Summer is long gone, but thanks to frozen fruit, we can all have berries whenever we please. This recipe was inspired by the Wild Blueberry Association of North America. Have you ever had wild blueberries? Yes, they’re different from other blueberries (also known as cultivated blueberries). They’re much smaller in size but they pack an intense blueberry flavor. And, they’re oozing with disease fighting antioxidants; more than the cultivated varieties.
So next time you’re perusing the frozen fruit section, keep an eye out for wild blueberries. I promise, you won’t be disappointed.

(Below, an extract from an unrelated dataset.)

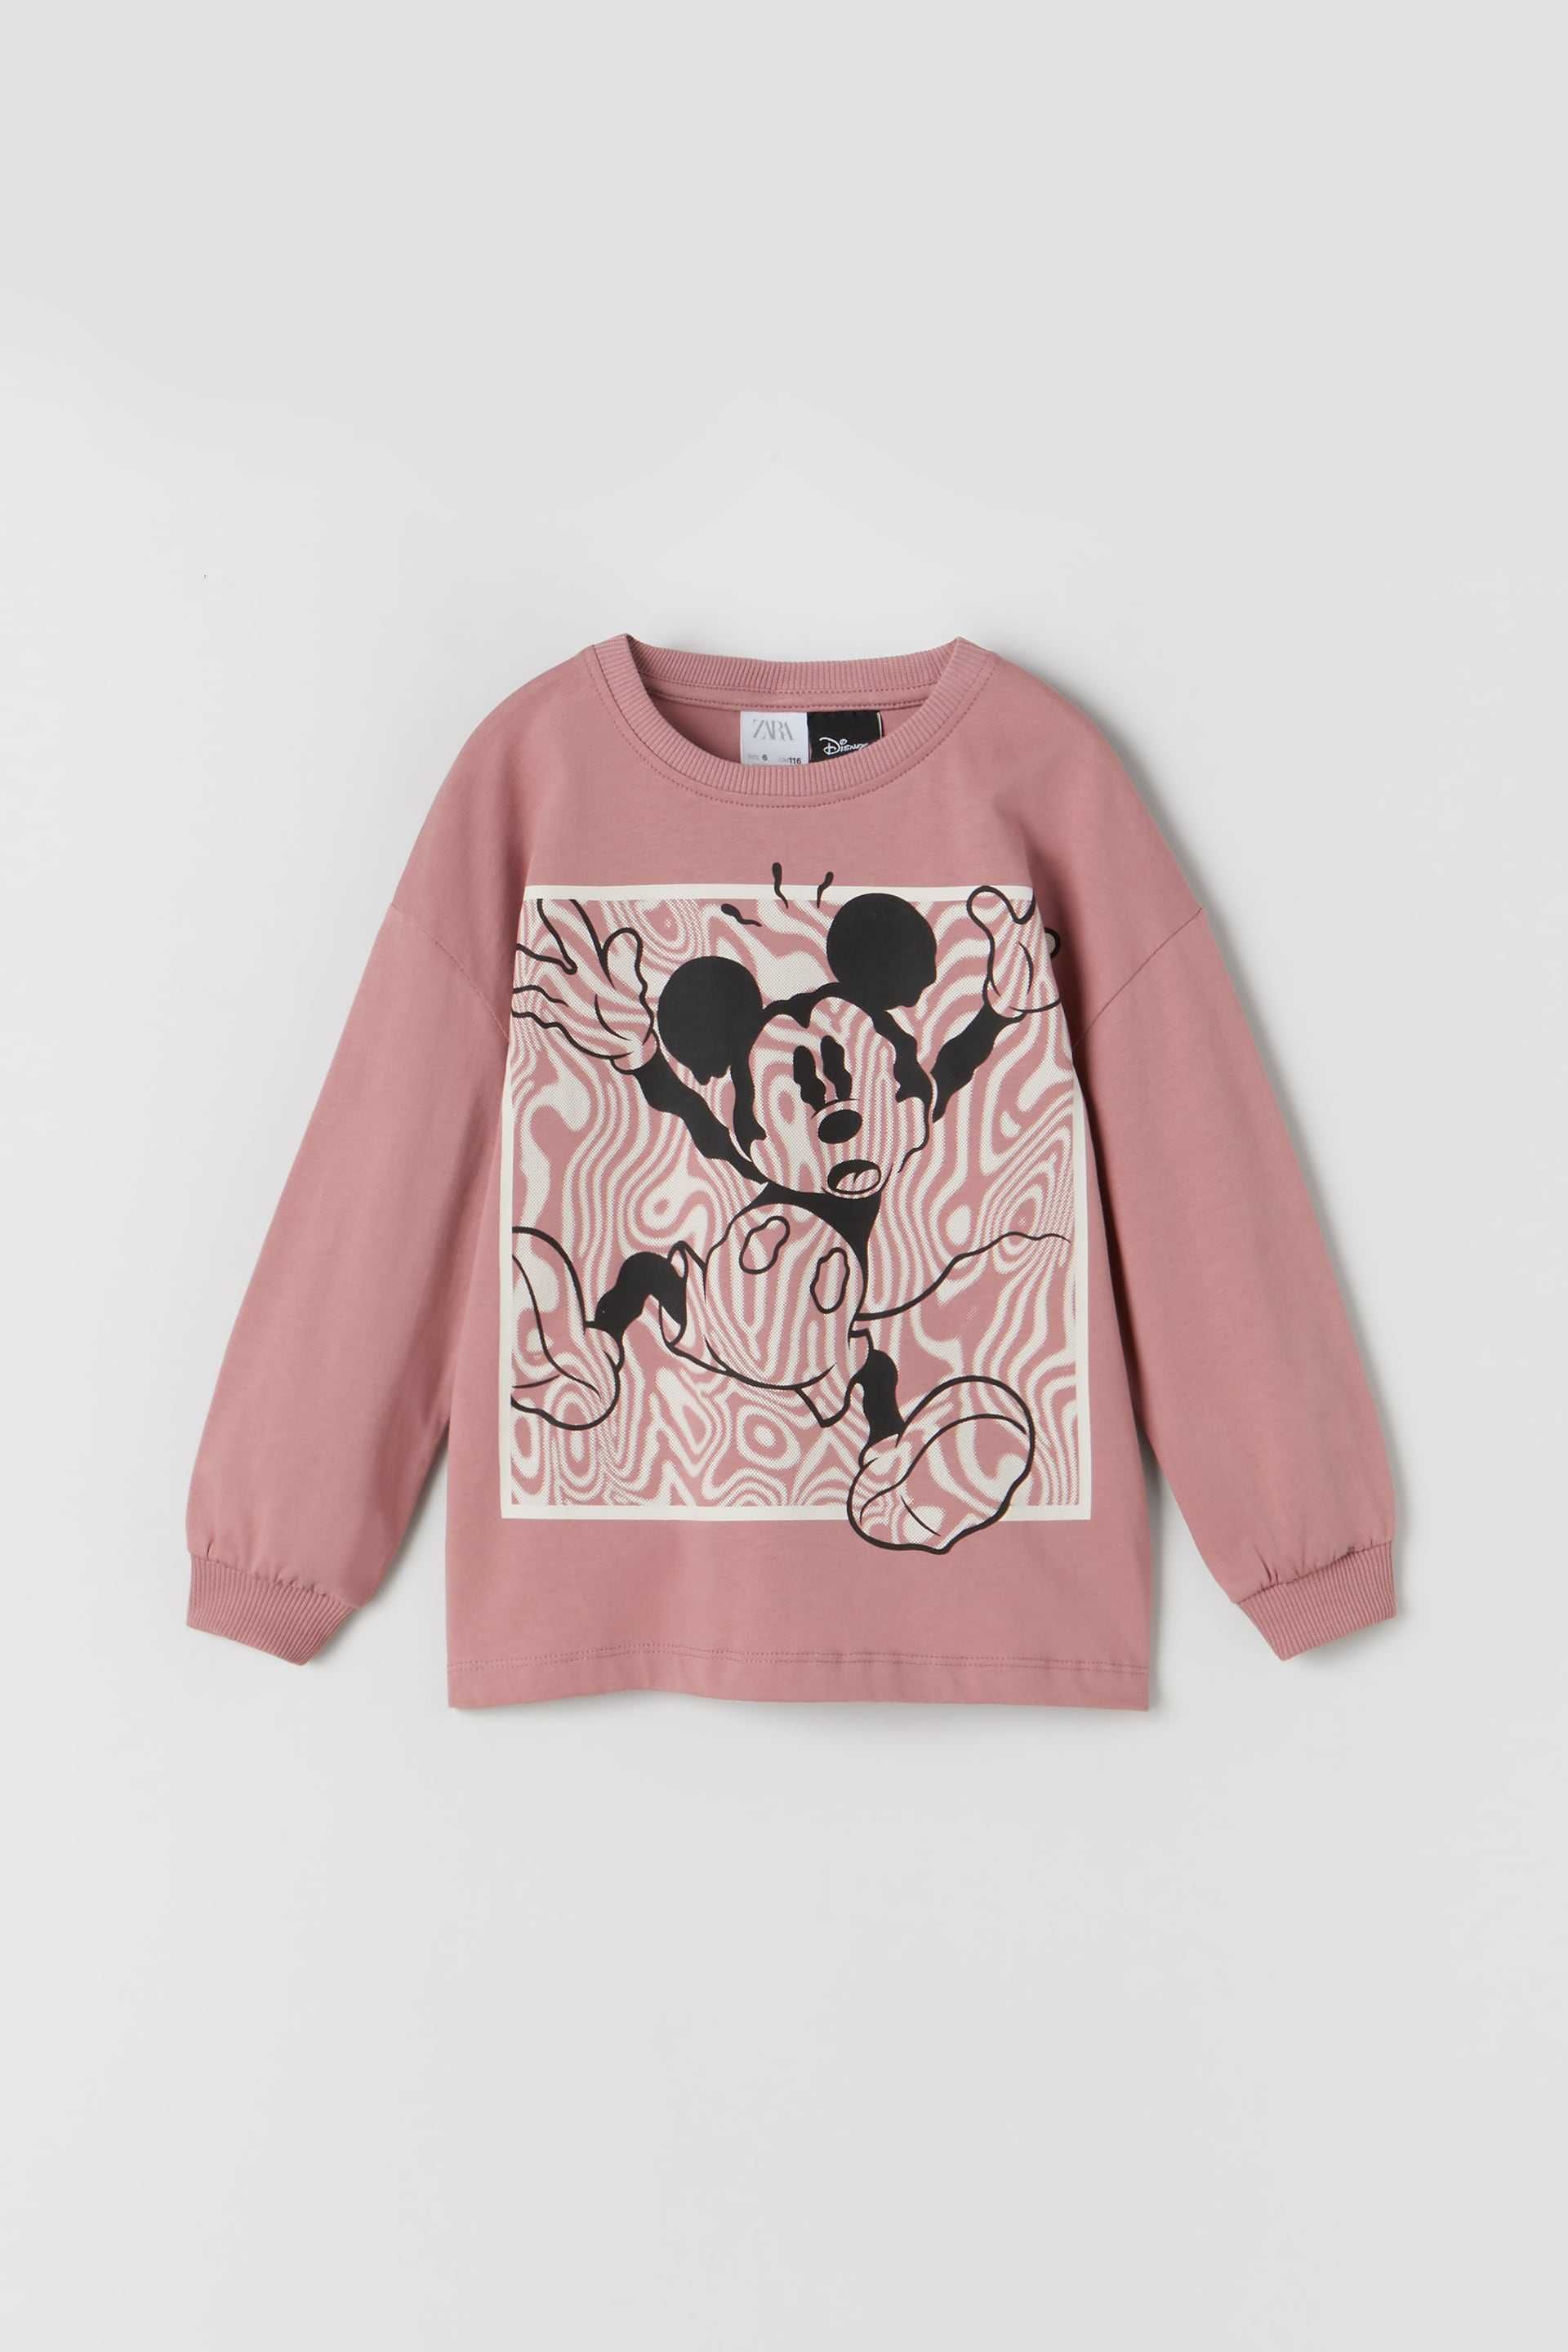 Zara bluzeczka długi rękaw t-shirt nowa 152 Mickey

Wild Blueberry Cheesecake Oatmeal Bars
With oatmeal as a base, these bars can be eaten for breakfast. They’re also great for a quick and healthy desert.
1 cup steel cut oats, dry
1.5 cups water
1 tsp vanilla extract
1 Tbsp cinnamon
1/2 cup Greek Vanilla yogurt, fat-free
3/4 cup cream cheese
1.5 cups frozen wild blueberries, thawed
For the Oatmeal Bar: Boil the oats in a medium saucepan with the water, vanilla and cinnamon for about 7-10 minutes. Pour into a glass pan and spread over the bottom to create a 1/2 inch thick layer. Cover and refrigerate for at least an hour to allow the bars to firm up.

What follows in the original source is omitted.